This doesn't have the emotional impact I think it should. She's breaking up with me. My first girlfriend, is breaking up with me.

Yet, I have a hard time finding the energy to care.

It isn't a long walk back to my foster parent's house. When I walk in the front door, I hear sobbing, and smell something very strange—something familiar, but I just can't quite place it.

The sobbing in from my foster father. I follow the sound until I find him in his bedroom. He's looking at a piece of paper, reading something on it, and mouthing the words. I only catch the last part, but in Hushedwhispers, I can tell exactly what he's saying: I fucked him. I'm sorry. I just can't take it anymore.

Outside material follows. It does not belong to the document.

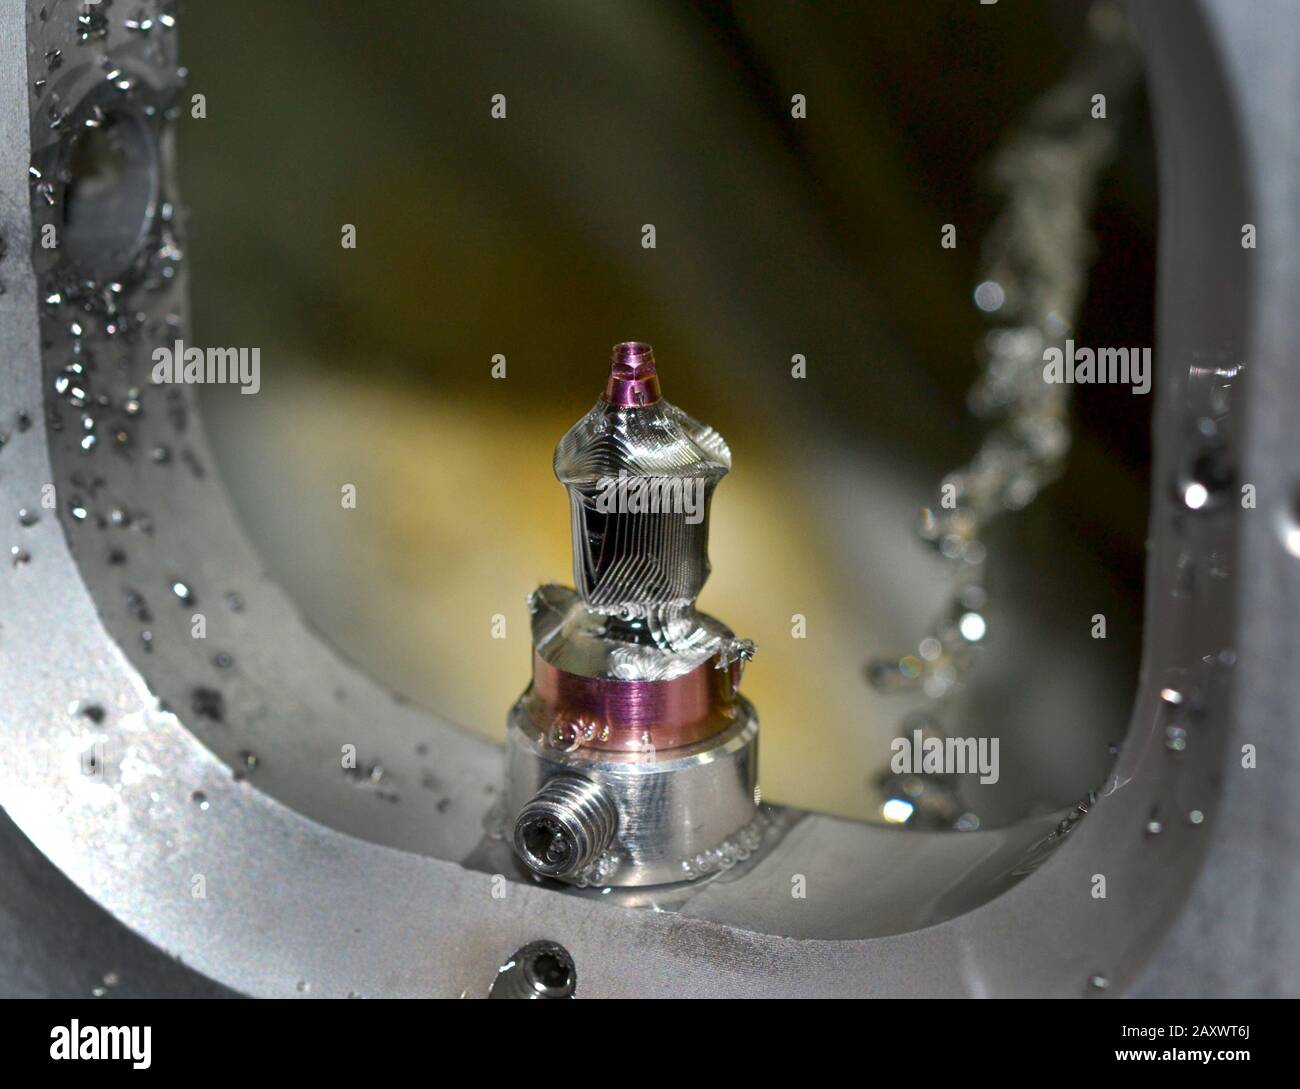 Milling abutment close-up. Cutting and milling of titanium abutment crown base for dental implant. Modern technology cad cam Stock Photo
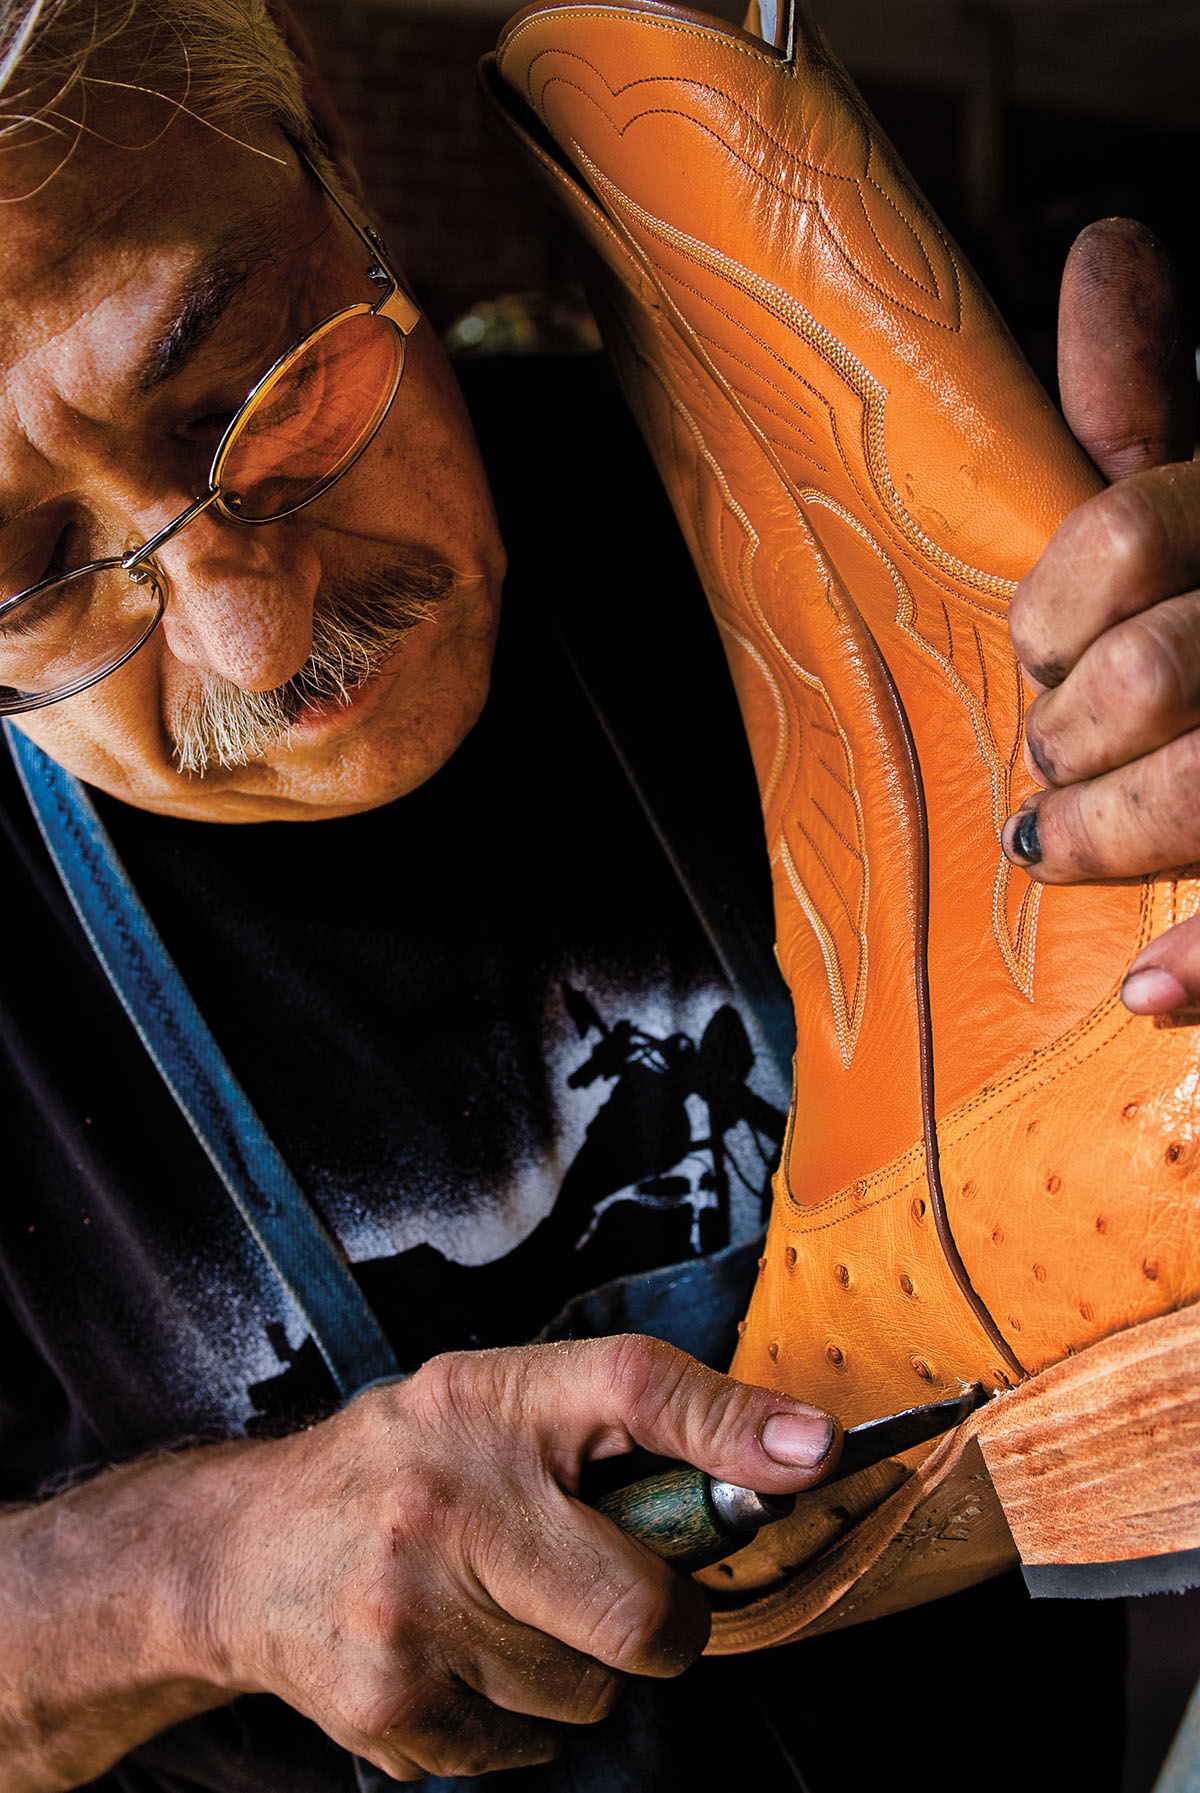 A man carefully works the leather on a pair of boots

The smell, I don't know what the smell is. Hours later, I understand and remember where I first smelled it, when I was with my father years ago. But at that moment, it's still a mystery. Had this all happened after I was up on this hill, I would have known it instantly. The smell is gun powder.

My foster father looks up and sees me. "Go," he says. "Get the fuck out."

"Where do I…"

"JUST GO!" he roars.

I go upstairs and get what I think I need. Thinking about what you need for the future and procuring those things is usually done in vain, because you are rarely correct about what it is that will eventually come in handy. Nonetheless, you do it, because you have to. Because, like so many other parts of your life, you can't imagine doing anything else at all.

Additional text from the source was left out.